Economical debate - minimum wage

Day 2,991, 02:48 Published in Australia Australia by Damian Gaby

As I promised earlier, I've decided to put forward to the taxpayers (and tax dodgers) a proposal to make changes to the Work Tax system.

First, a small explanation on how the system works. You are being paid a salary, let's say 100cc for ease of calculation. Off these 100cc, a percentage of it, called a Work Tax, goes in the country's coffers. Our work tax is currently set at 3%. Therefore, the employer pays 100cc, the employee gets 97cc and 3 cc goes to the state. All nice and good.

Now, as always, there are people dodging the system. The way they do this is they pay the minimum salary, currently 1cc, and the rest of the 99cc is paid by a direct donation to the account of the worker. Work Tax is therefore paid only on the 1cc, meaning the state receives 0.03cc for every work unit. The employee also benefits, as he now received the 99cc through the donation along with the 0.97cc that he takes as a normal salary, therefore getting 99.97cc instead of 97cc. Employee profits of course, state loses.

Now, there are two leavers we can pull to increase collection on the taxes: we can increase the Work Tax or we can increase the minimum salary. Let's look at each one individually.

Increasing the Work Tax - currently at 3% to say 5%. On a normal 100cc salary, this would mean that the employer still pays 100cc, but the employee takes only 95cc, with 5cc going to the state's coffers. On the lower end of the scale, the tax dodgers would now take 99.95cc instead of 99.97cc. The state's revenues would increase of course, but the biggest contribution would be made by the people who are receiving normal salaries, not by the tax dodgers.

Increasing the minimum salary - to say 5cc. This would not affect anyone that has a salary higher than the minimum, so whoever is paid normal work market salary would still be in the same situation. The tax dodgers however, instead of paying 3% on 1cc they would pay 3% on 5cc. This means that the salary they would take home following the same calculation as above on a 100cc salary paid 95cc through a donation and 5cc through normal game mechanics would be 99.85cc compared to the 99.97cc they are currently taking. The state's take would increase from 0.03 per one worked unit to 0.15 per worked unit. We are not going to become rich from this one, but any CC helps, especially when you are a small country like we are. If we were to increase the minimum salary to 10cc, then using the same example the 3% tax on that would mean 0.3cc, meaning that the employee would end up with 99.7cc instead of 99.97, so 0.27cc per work unit poorer, with the state being 0.27cc per work unit richer.

Downsides: as always with raising taxes, there are downsides.
If we raise the work tax, then the most affected people would be the guys on a normal salary. They would stand to lose the most, and to cut their losses they would probably start searching for employers that pay by donation. On the short term we may see some extra dollars coming in, but in the long term we risk increasing the tax dodging exercise and losing more money than we gain by the tax increase.

If we increase the minimum salary, then the only affected people are the ones who dodge the taxes.
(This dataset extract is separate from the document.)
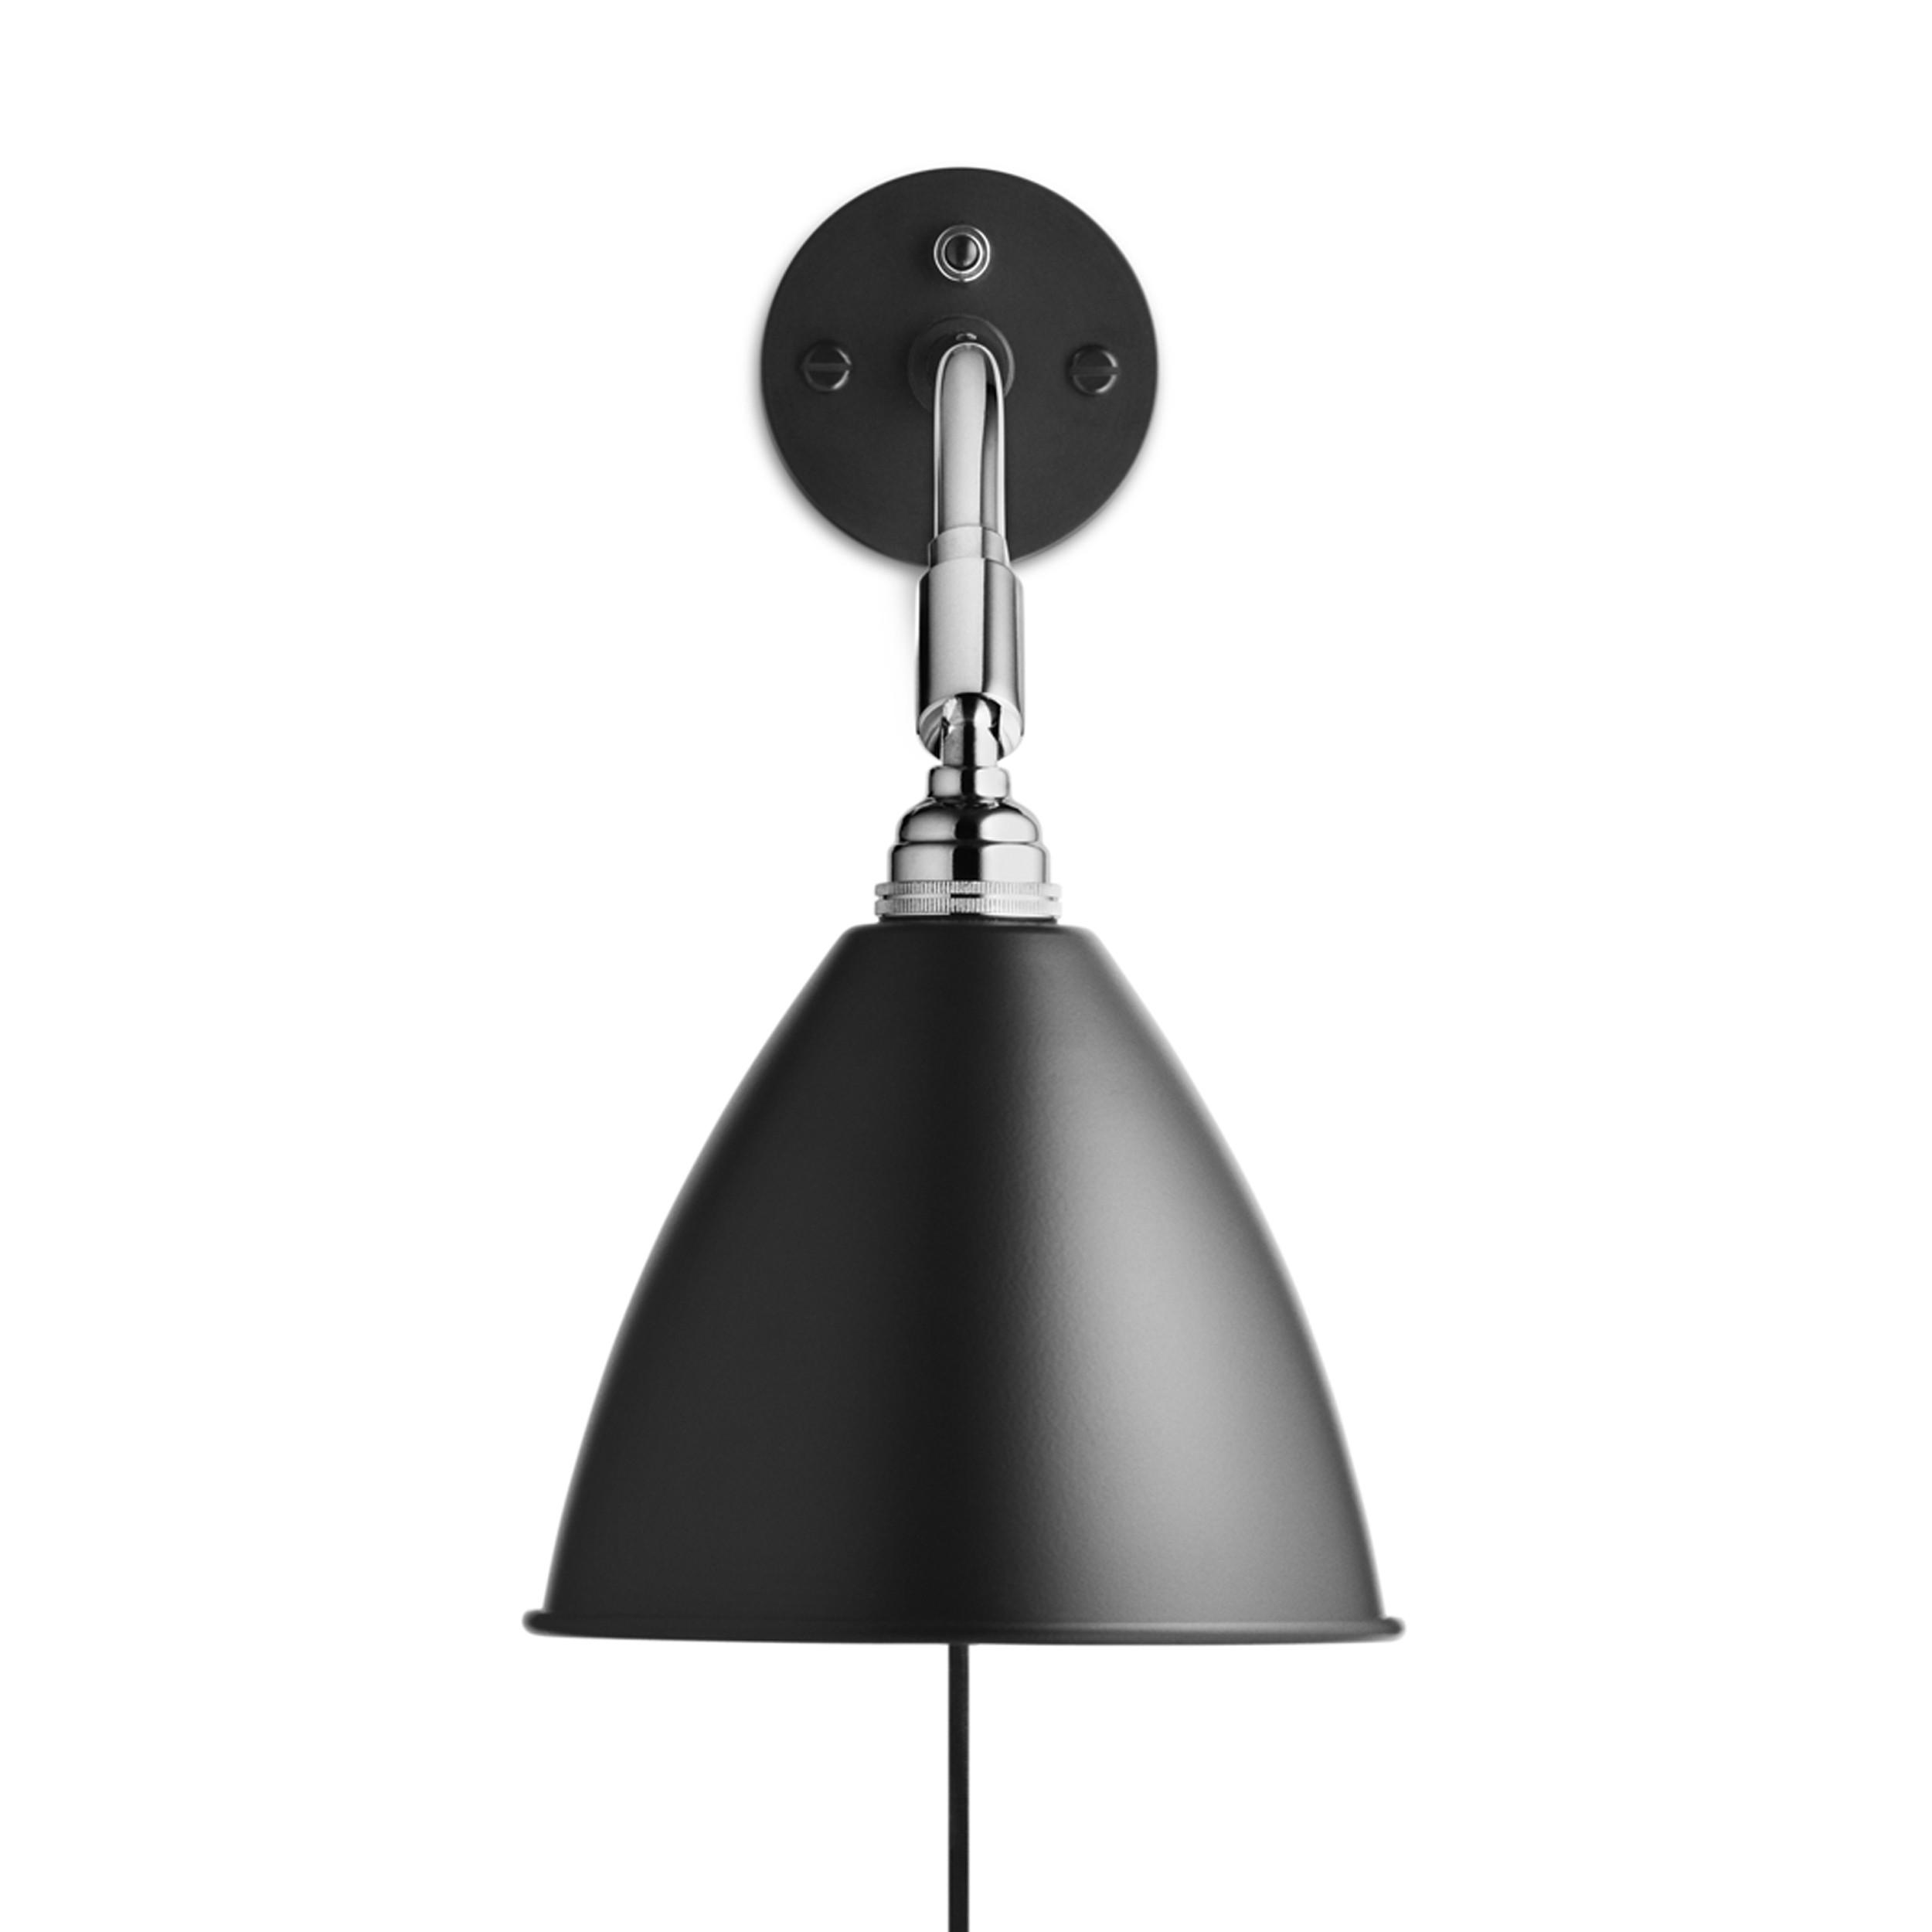 bestlite bl7 wandleuchte mit kabel und stecker a035468. Black Bedroom Furniture Sets. Home Design Ideas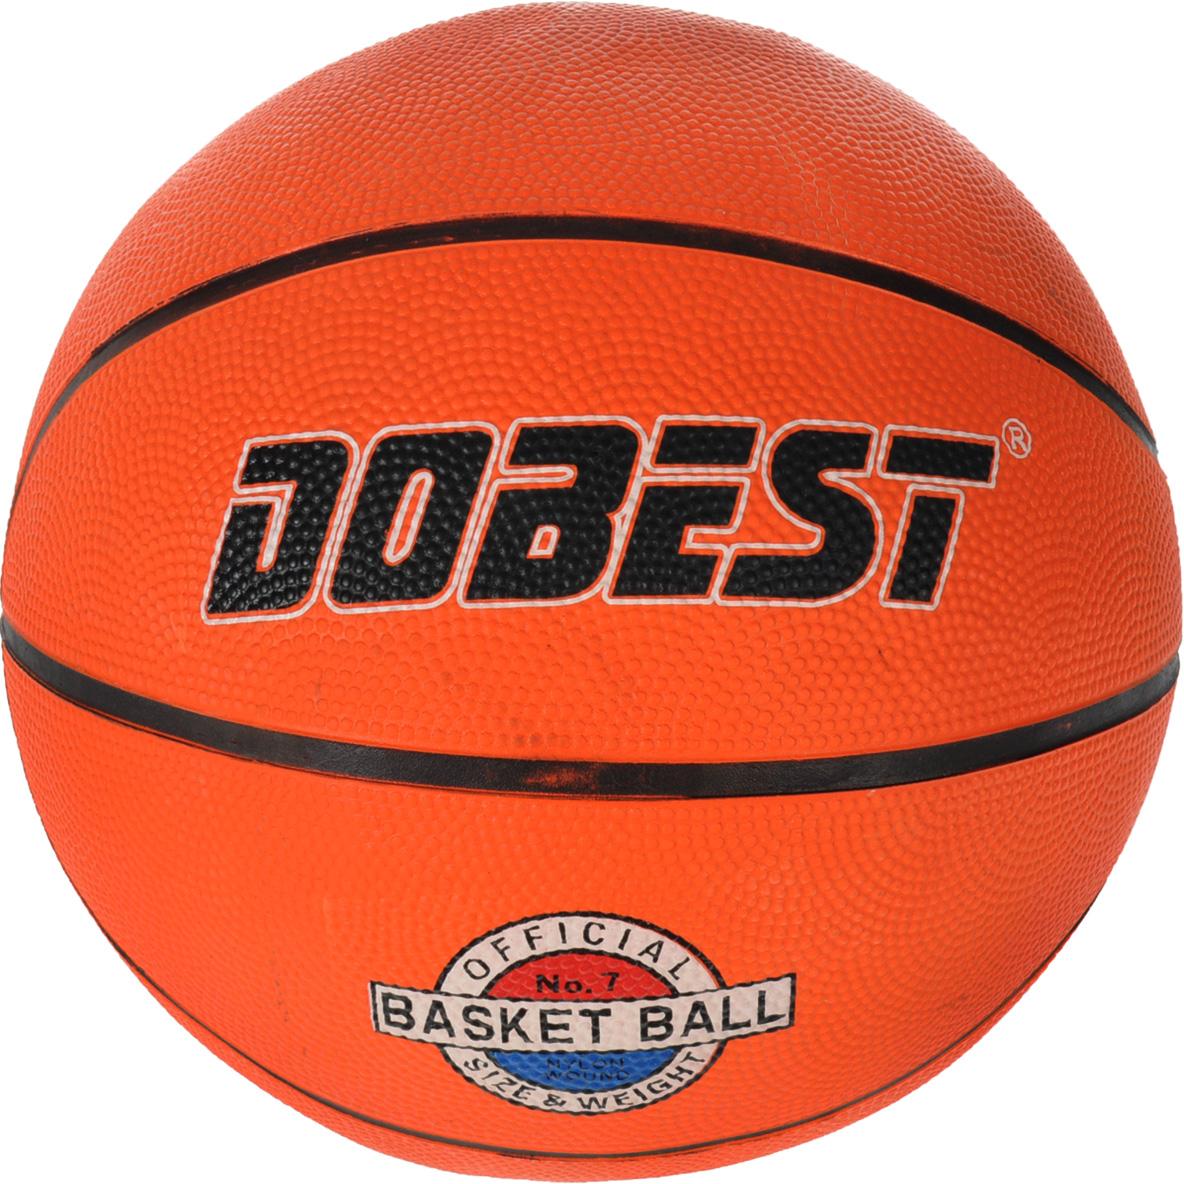 Мяч баскетбольный Dobest, цвет: оранжевый, черный, белый. Размер 7RB7-0886Мяч Dobest прекрасно подойдет для игры во всеми любимый, остающийся уже долгие годы актуальным, интересным и популярным видом спорта, баскетбол. Изделие выполнено из высококачественной прочной резины. Подходит для игры на улице и в зале.Ни для кого не секрет, что активные физические нагрузки очень полезны и нужны человеческому организму. А баскетбол, - это, пожалуй, одна из тех игр, в которых активно работают практически все мышцы тела, тренируются лёгкие, выносливость.Вес: 600 г.Количество панелей: 8.Количество слоев: 3.УВАЖЕМЫЕ КЛИЕНТЫ!Обращаем ваше внимание на тот факт, что мяч поставляется в сдутом виде. Насос не входит в комплект.

The risk here is that they may refuse to work for Australian employers and seek jobs with citizens of other countries where the minimum salary is smaller.

My personal opinion: I believe that the difference in take home pay from 99.97cc to 99.7cc for a tax dodging Aussie is too small to warrant a change of employer and therefore the losses linked to workers migrating out of the country would be negligible. Therefore, I am for increasing the minimum wage to 10cc.

As always, we are a democracy and there may be things I might be missing or reading wrong so by all means, let's start a discussion and see if we need to adjust the minimum wage or not.

P.S. The use of the term 'tax dodger' is correct, the only reason you would be paid through a donation is to avoid (dodge) the Work Tax. If the Work Tax would be zero, then there would be no reason to be paid through a donation.